I. BACKGROUND A. Factual Background Tamara Motley operated Action Medical Equipment and Supply, Inc. (Action) and Kaja Medical Equipment & Supply, Inc. (Kaja), two durable medical equipment (DME) companies enrolled as Medicare providers. Action was incorporated in the name of her mother, Beverly Muntz, while Kaja was incorporated in the name of her nephew, Bryant Brown. Neither played an active role in the management of the companies, nor was either implicated in the fraudulent scheme we describe below. Medicare permits DME supply companies, physicians, and other healthcare providers to seek reimbursement for covered services provided to eligible beneficiaries, typically individuals aged 65 or older or those with disabilities. To receive reimbursement, a DME supplier must enroll in Medicare and certify that it will comply with all rules and regulations, including not submitting false or fraudulent claims. Once enrolled, Electronic Data Interchange (EDI) and Electronic Funds Transfer (EFT) agreements allow suppliers to submit claims electronically and to receive payment directly to their business bank account. Electronic claims include, among other things, the beneficiary’s name and identifier, the billed item or service, the date of service, and the supplier’s identifying numbers. With the help of co-defendants Cynthia Marquez, the office manager, and Juan Murillo, a repair technician, Motley orchestrated a scheme to exploit the reimbursement system.
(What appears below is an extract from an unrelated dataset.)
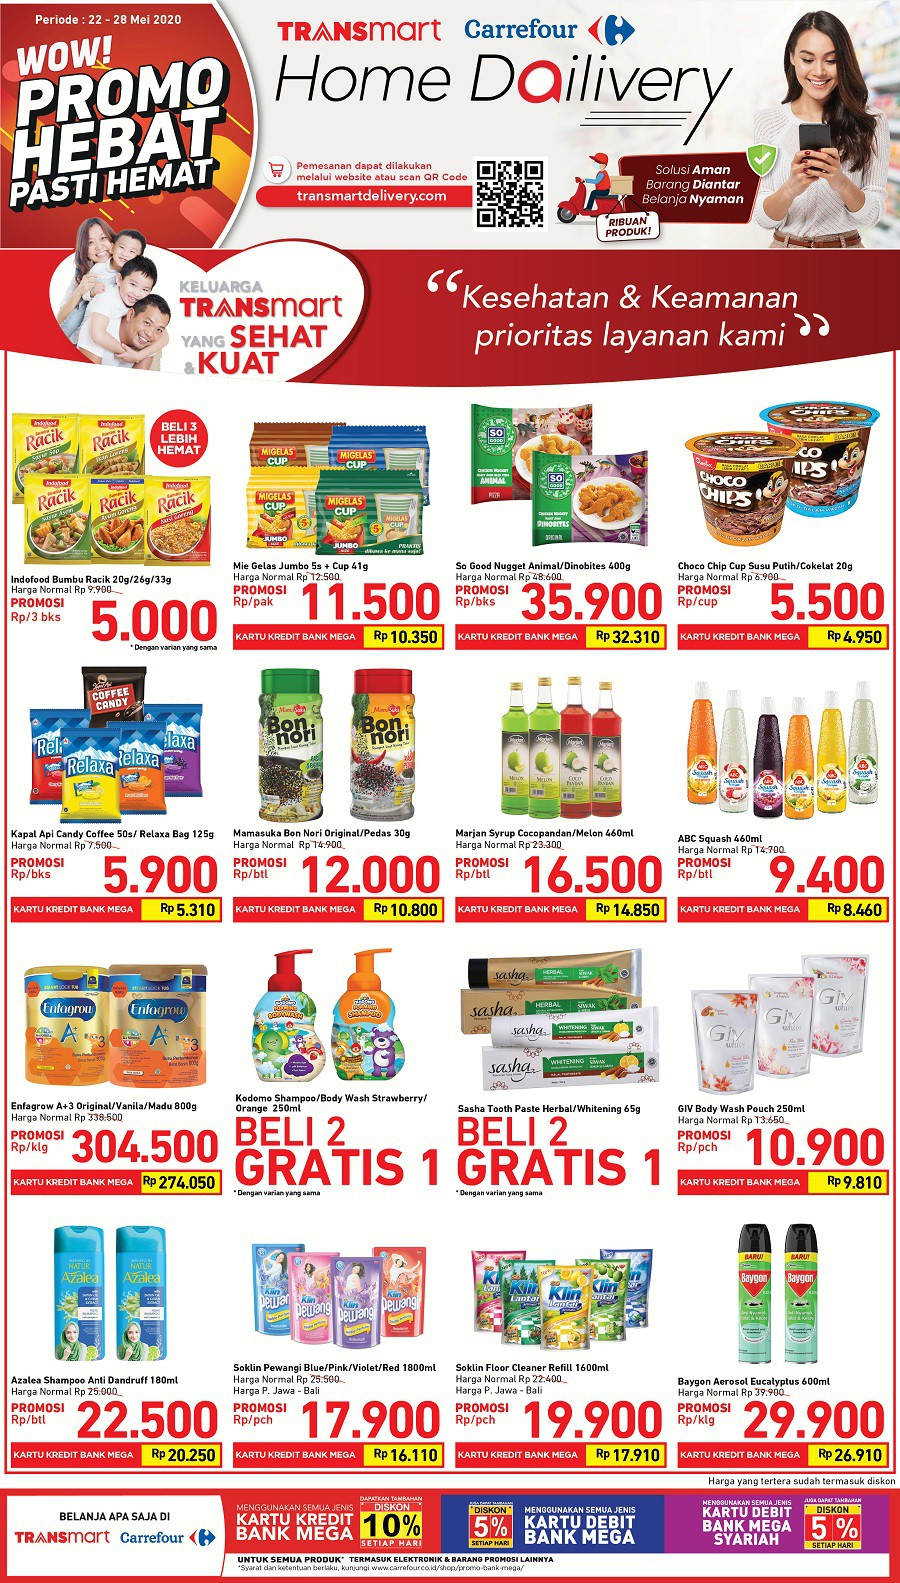 Katalog Promo JSM Transmart Carrefour 22-28 Mei 2020

The gist of the scheme was simple: Use patient information to submit claims for DME and related services for patients who did not need those items and services and often did not even receive them. 6 USA V. MOTLEY

The scheme worked as follows. Motley recruited and paid illegal kickbacks to marketers who brought in patients. Using lists of eligible Medicare beneficiaries, marketers solicited patients, referred them to Action and Kaja, and collected their patient information. Many of these beneficiaries were elderly or non-English speakers. The marketers transported beneficiaries not to their regular physicians, but to complicit physicians who, after cursory examinations, would write prescriptions for medically unnecessary DME, including power wheelchairs and orthotics. At times, the physicians prescribed DME without even examining the beneficiaries; at other times, they simply wrote and signed blank prescriptions to be filled in later by Motley and others. The schemers would then deliver the medically unnecessary DME, whose value was often falsely inflated on delivery tickets and claims, to beneficiaries’ homes, where it would collect dust. If no DME was delivered, delivery tickets were created out of whole cloth. Motley and others, acting at her direction, would pick up these prescriptions from the physicians or marketers and, along with fake delivery tickets they generated, create documentation supporting the medical necessity and billing of the DME.